Glenn Garvin on the NPR Scandal

From the Miami Herald:
If just 2 percent of NPR’s money comes from the government, why not just tell Congress to take a flying frack at a rolling doughnut? Two percent, heck, you could make that up on doughnuts. Tens of millions of Americans have taken hits of more than 2 percent in this economy and lived to tell about it. And think of the inner tranquility that 2 percent nip and tuck would buy: Nobody from NPR would ever again have to listen to some braying reactionary complaining that NPR has more practicing witches on its staff than Republicans. (Even if it’s true: NPR reporter Margot Adler is a Wiccan high priestess, while any registered Republicans on the staff remain deeply closeted.)

The answer: NPR gets a lot more than 2 percent of its budget from taxpayers — perhaps 20 times that.

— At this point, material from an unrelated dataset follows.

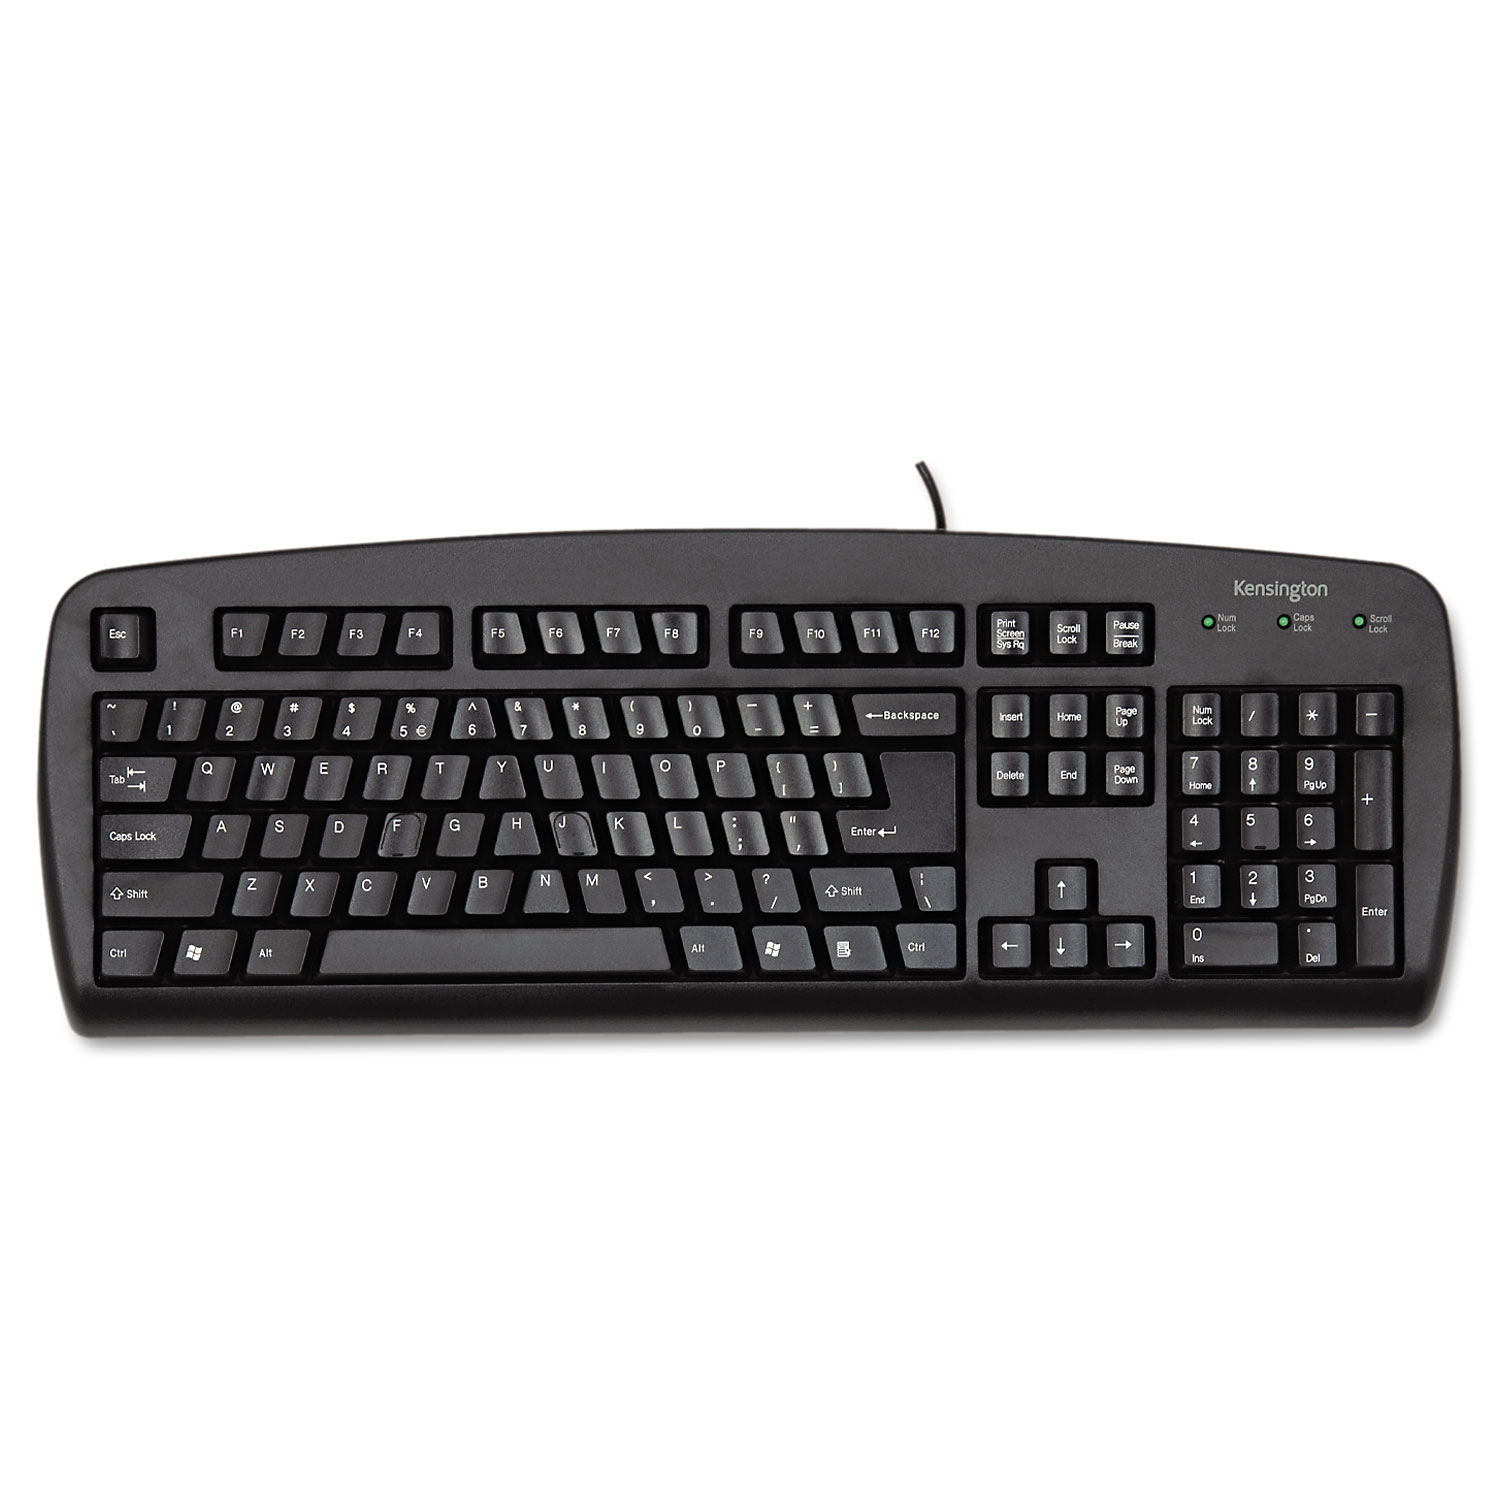  Kensington K64338US Comfort Type USB Keyboard, 104 Keys, Black (KMW64338) 
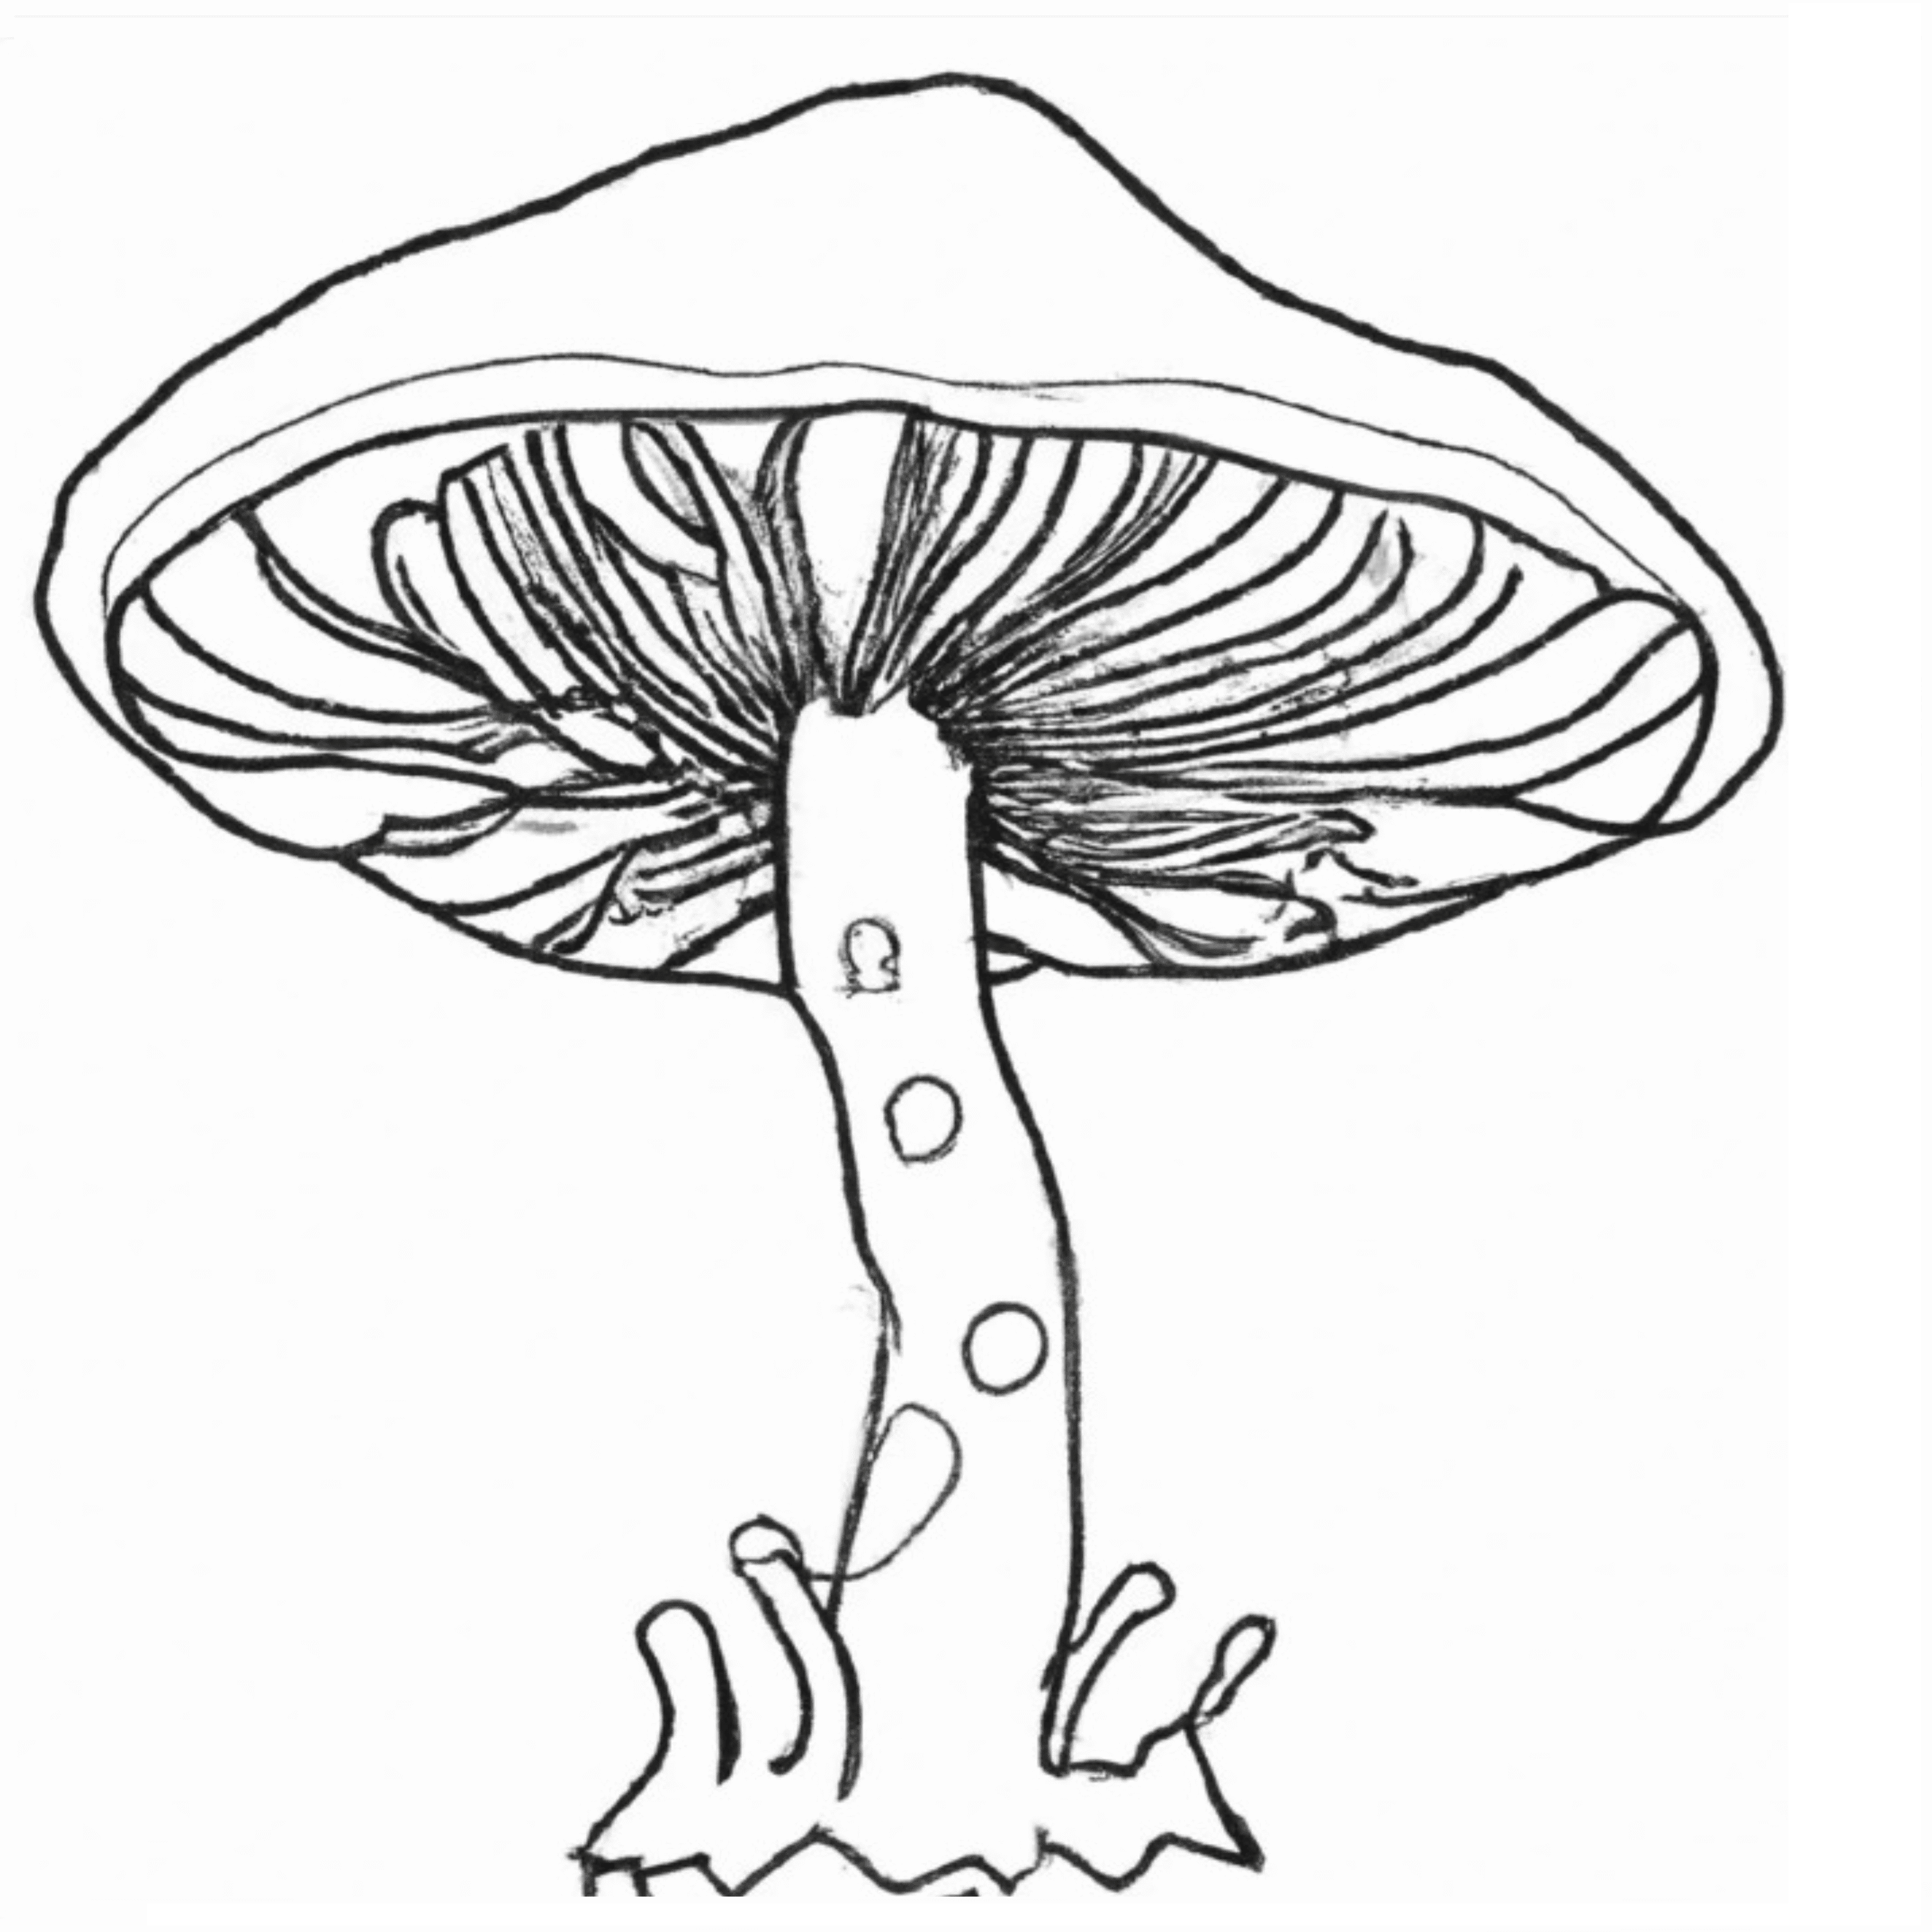 Line drawing of a magic mushroom

It’s completely a creature of government subsidies and cannot possibly survive in anything like its current form if Congress plucks public broadcasting from the federal teat. NPR’s real costs are hidden in a system of back-and-forth payments quaintly known along the Bogota-Miami axis as “money-laundering.”

Here’s how it works: Congress gives money to the Corporation for Public Broadcasting, which cuts off a small slice — the hallowed 2 percent — and hands it directly to NPR. The rest of the money goes out to public radio stations themselves, who then pay it back to NPR as programming fees. Other taxpayer money — from the Energy Department, state and local governments and state universities — also gets mixed into the pot.

In the end, something close to 40 percent of NPR’s budget has been extracted from taxpayers. And that doesn’t even include tax money spent on the operations of the radio stations themselves, without which there would be no audience for NPR programming. If NPR bosses look slightly twitchy when they talk about how insignificant their subsidies are, it’s probably because they’re glancing around for signs that the roof is about to fall in on them.